DESEMBER
"kamu baik baik saja?"
Tanya perempuan bermata teduh itu lembut. Sembari merapatkan jaket yang menyelimuti nya
"Memang nya apa yang bisa membuat ku tak baik baik saja?"
Lelaki gagah itu balik bertanya. Mulut nya pelan menghisap cerutu yang baru di sulut oleh api.
Hening sejenak terjadi diantara dua manusia yang sudah menjalani banyak waktu bersama. Sang lelaki yang selalu ingin terlihat kuat dan sang perempuan yang selalu penuh kelembutan.
"Desember"
Jawab perempuan itu sembari menatap laki laki bermata tajam di depan nya itu dengan khawatir.
Angin berhembus lebih kencang, api cerutu itu membara tanpa perlu dihisap. Ombak di depan mereka semakin bersemangat menghempaskan diri, seolah sedang melampiaskan rasa yang sekian lama tersimpan rapi. Rintik hujan tak berhenti meski tak lagi lebat, malam semakin gelap tanpa bulan dan bintang. Netra mata berwarna onyx itu menatap mata teduh dihadapan nya sekilas, sebelum kembali menatap lautan hitam; sembari menghela nafas pelan.

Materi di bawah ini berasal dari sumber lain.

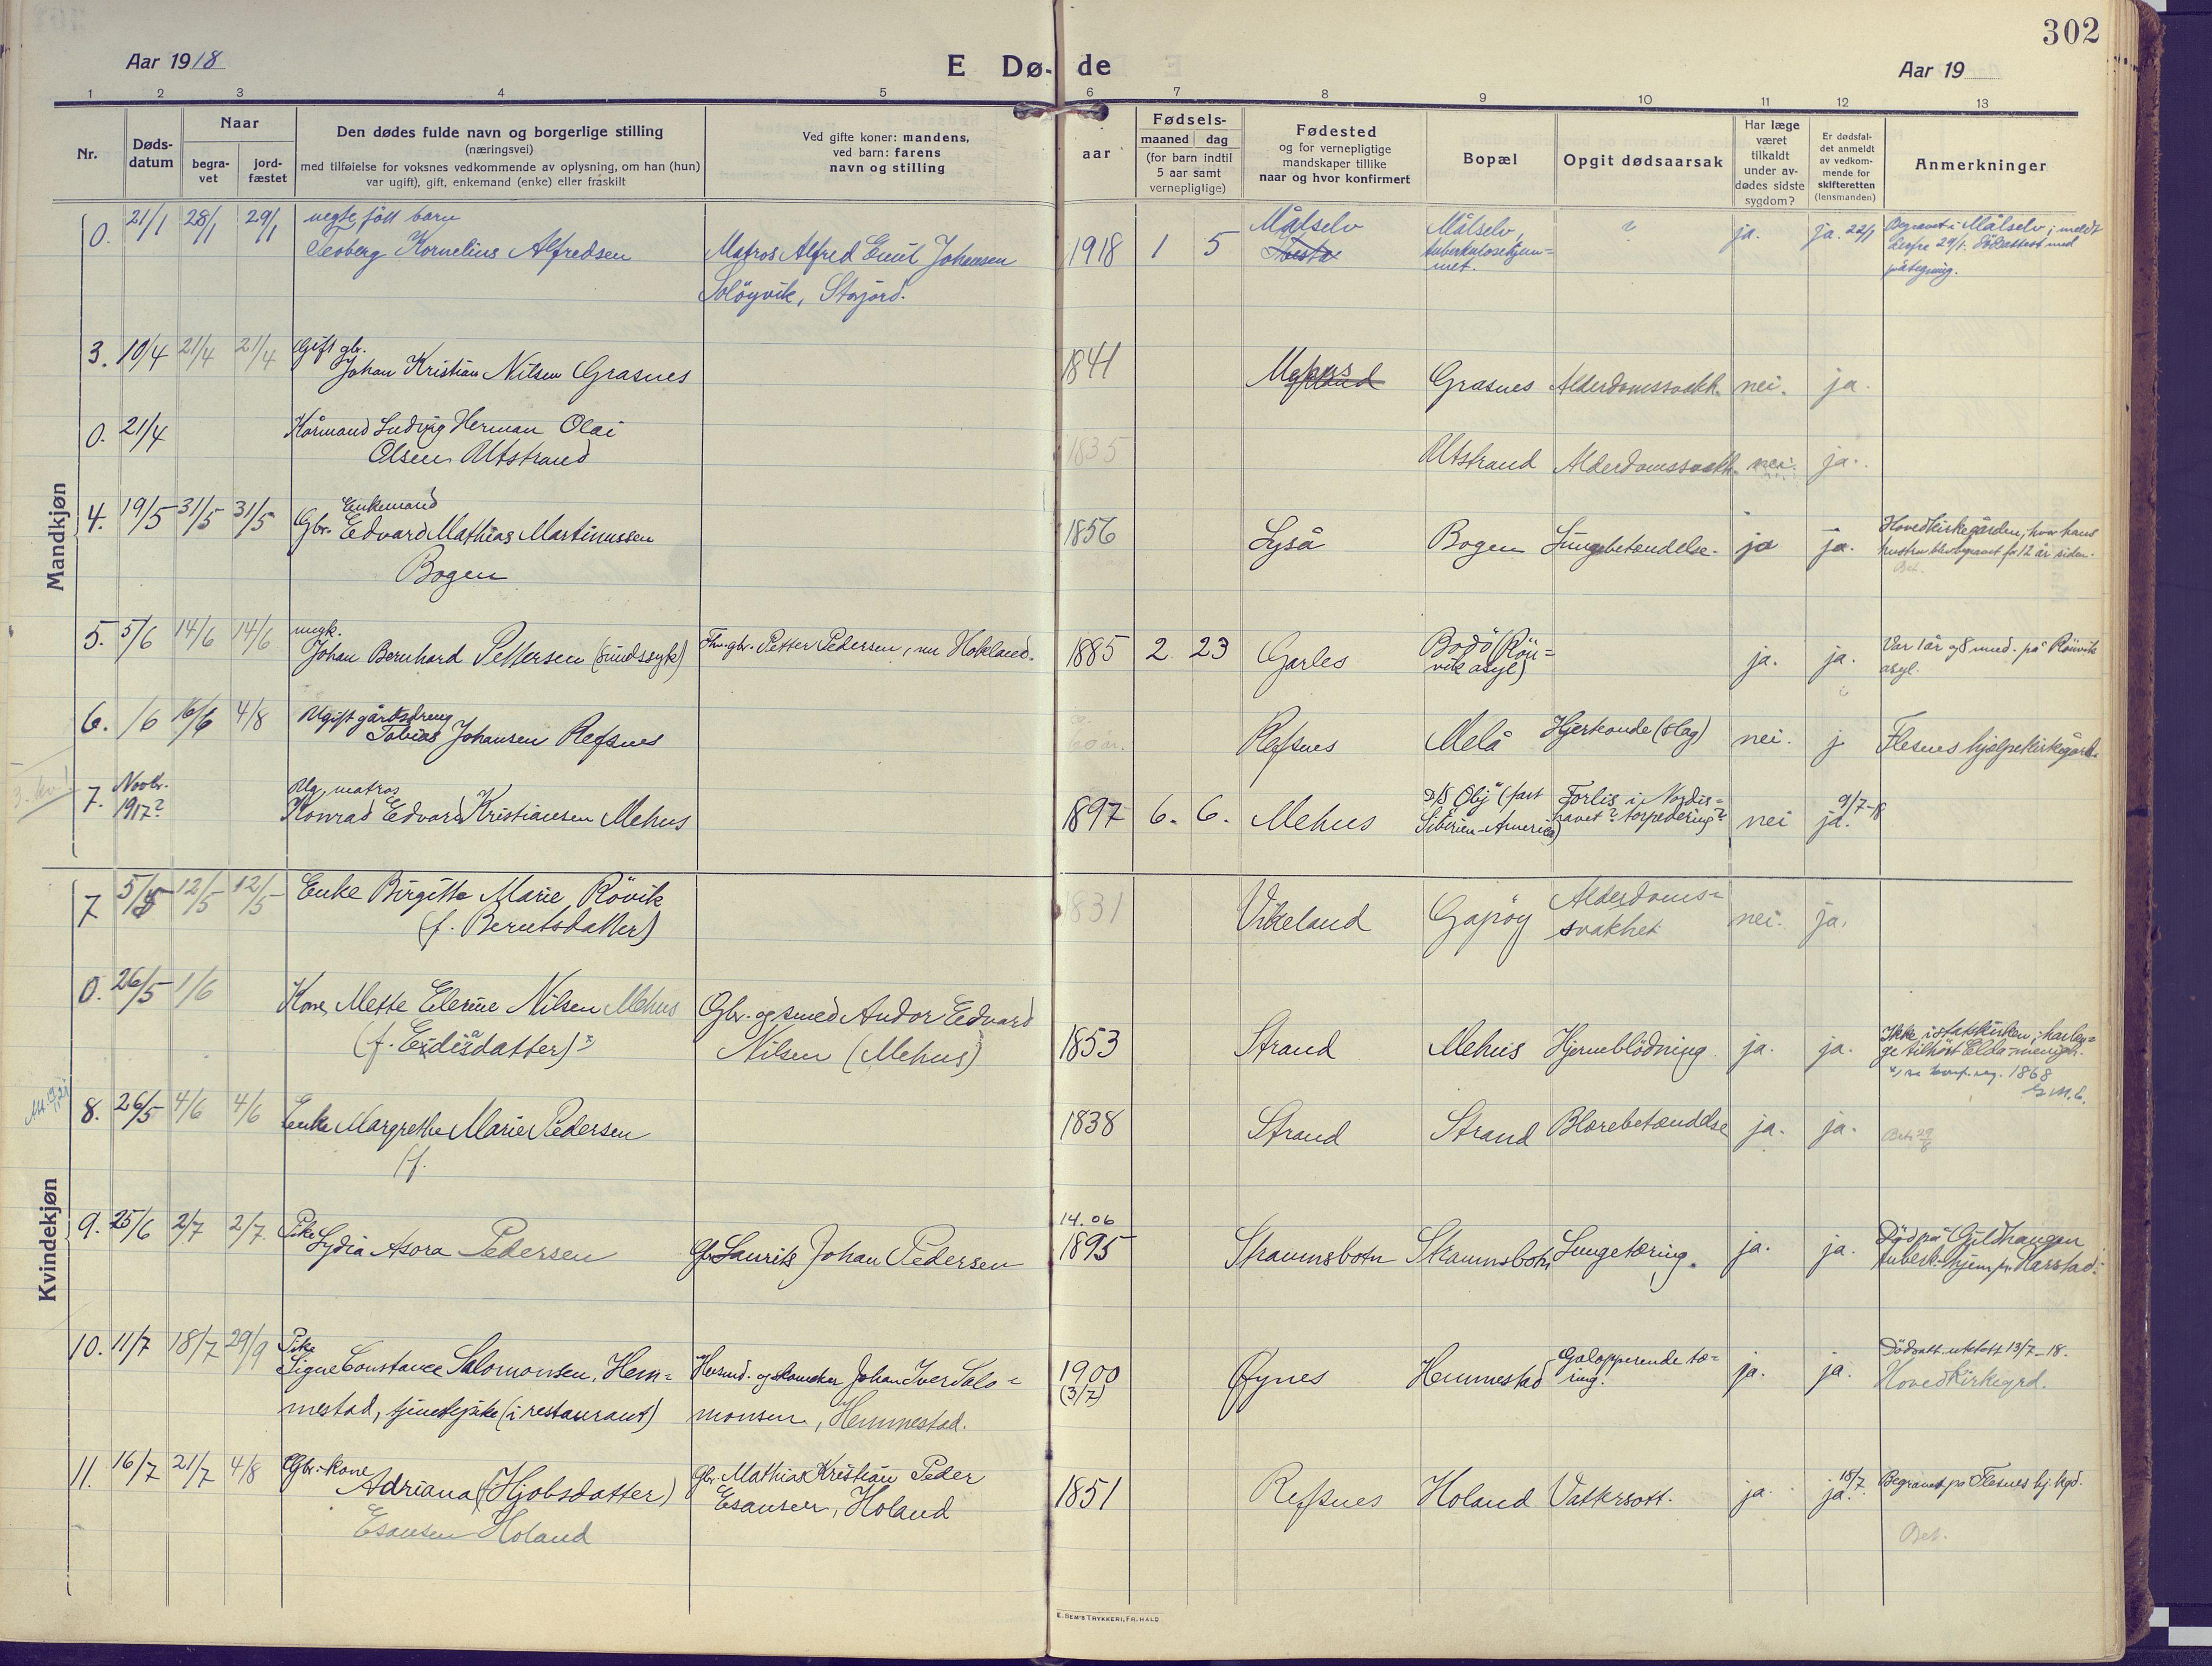 SATØ, Kvæfjord sokneprestkontor, G/Ga/Gaa/L0007kirke: Ministerialbok nr. 7, 1915-1931, s. 302
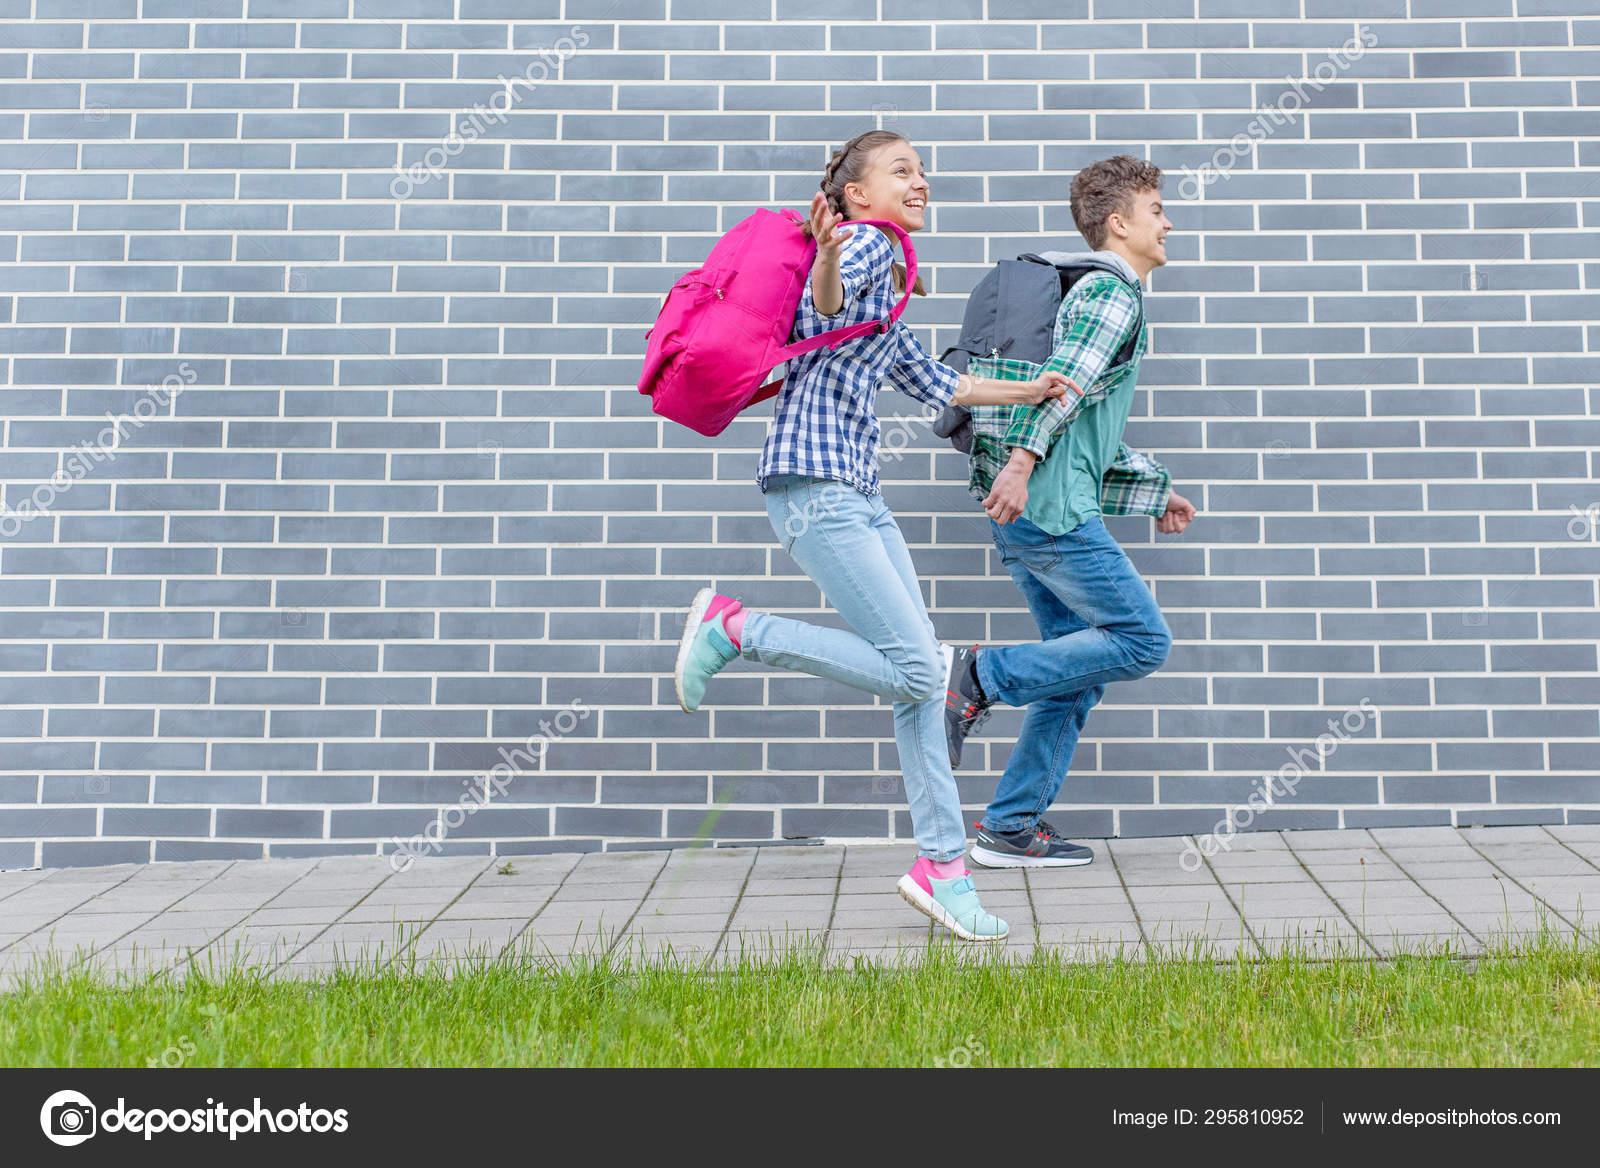 junge teen girls mit jungen boys

Laki laki itu tau, dia tak bisa menyembunyikan apapun dari perempuan ini. Sedang sang perempuan paham dengan betul. Desember selalu bisa menghancurkan tembok kokoh yang mengurung segala duka yang dibangun oleh sang ego. Desember dan badainya. Desember dan hangat yang dirindukan.